По Делёзу и Гваттари, «малая литература – это не литература малого языка; скорее она – то, что меньшинство делает внутри большого языка»[1022]. Малый язык определяется своей гибридностью внутри большого языка. Для Кафки, таким образом, немецкий – язык литературы, но это особенный немецкий: «В этом смысле Кафка определяет тупик, который закрывает доступ к письму для евреев Праги и делает их литературу чем-то невозможным: невозможность не писать, невозможность писать по-немецки, невозможность писать как-то по-другому»[1023]. Нужно в буквальном смысле выражать свою инаковость, свою чужеродность по отношению к господствующему языку: «Быть как бы чужаком в своем собственном языке: это ситуация „Великого пловца“ Кафки»[1024]. Эта экстериорность внутреннего запускает в письме два процесса, которые Делёз и Гваттари выделяют в отдельную тему в «Тысяче плато», территориализацию и детерриториализацию: «Невозможность писать иначе, чем по-немецки, выступает для евреев Праги чувством неистребимой дистанции от изначальной чешской территориальности»[1025]. Другая характеристика малой литературы: она носит более ярко выраженный политический характер, чем другие виды литературы. «Любое индивидуальное дело сразу подключается к политике»[1026], и потому эта литература не может подчиняться ограничивающим кодификациям психоаналитического эдипова треугольника.
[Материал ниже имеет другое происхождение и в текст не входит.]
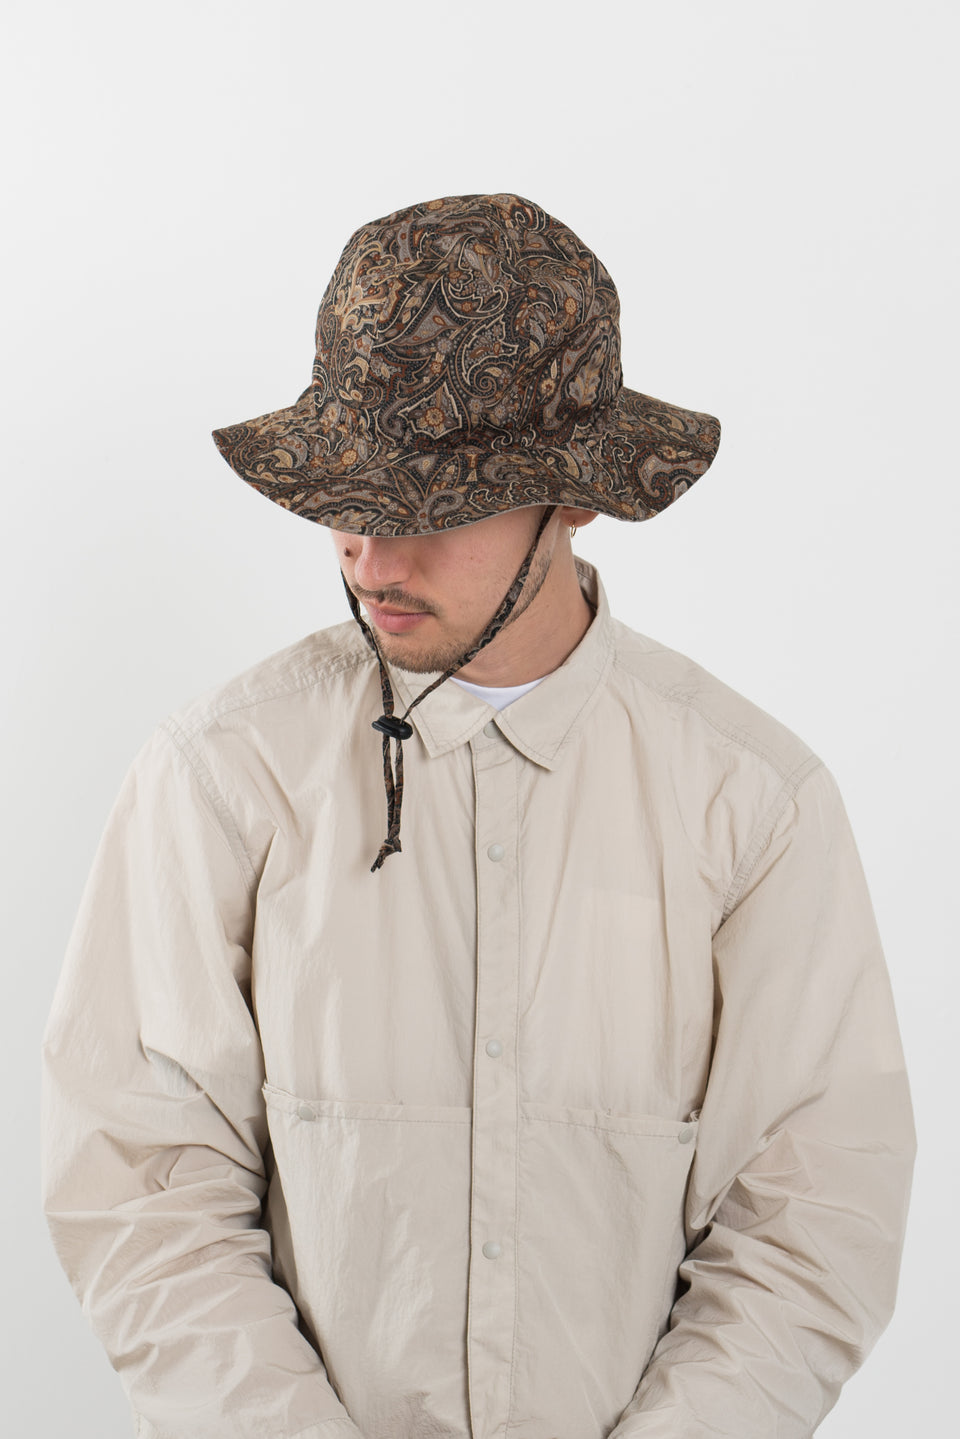 Found Feather SS22 Japan Reversible Military Sun Hat Yoryu Wasabi / Paisley Calculus Victoria BC Canada
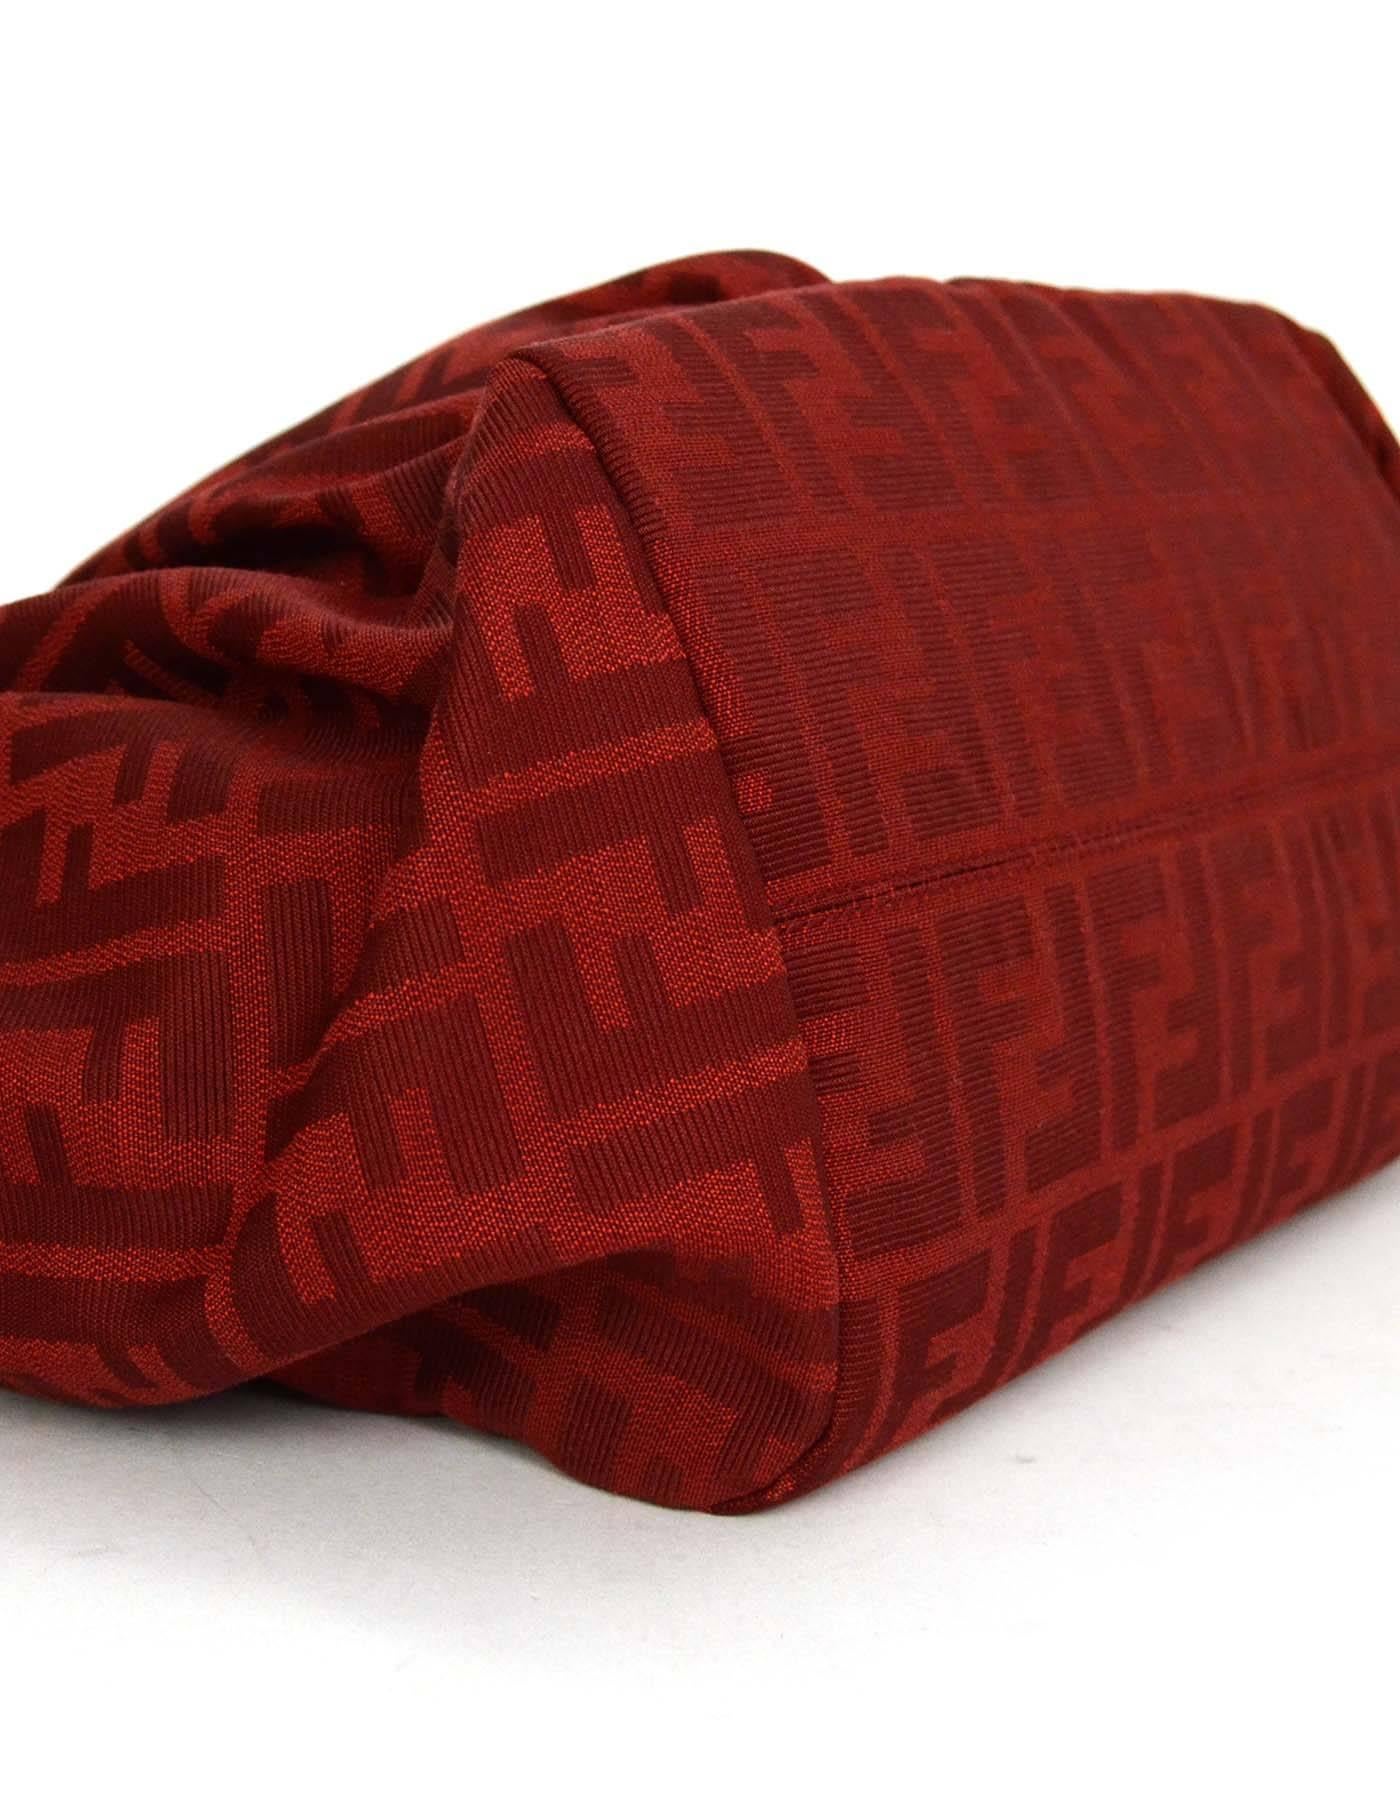 Women's Fendi Red Leather & Zucca Print Canvas Bag GHW

Наконец, малая литература не является фактом индивидуального субъекта высказывания, а пытается выразить через письмо, не становясь, однако, его рупором, речь народа, всегда отсутствующего. Эта литература запускает в действие коллективные сборки высказывания.

Именно в малой литературе Делёз и Гваттари находят самые живые ресурсы, самые эффективные силы, способные пошатнуть конвенции и существующую власть. Хотя малая литература носит прямой протестный характер, отношение большого и малого возникает не из диалектики гегелевского типа, в которой малое призвано свергнуть большое. Наоборот, малое мыслит себя в своем становлении как интенсивную вариацию, способную трансформировать большое, но его становление может быть только миноритарным, согласно определению, которое ему дают Делёз и Гваттари: «Малое поддерживается за счет существования большого подобно тому, как тело без органов требует организма»[1027].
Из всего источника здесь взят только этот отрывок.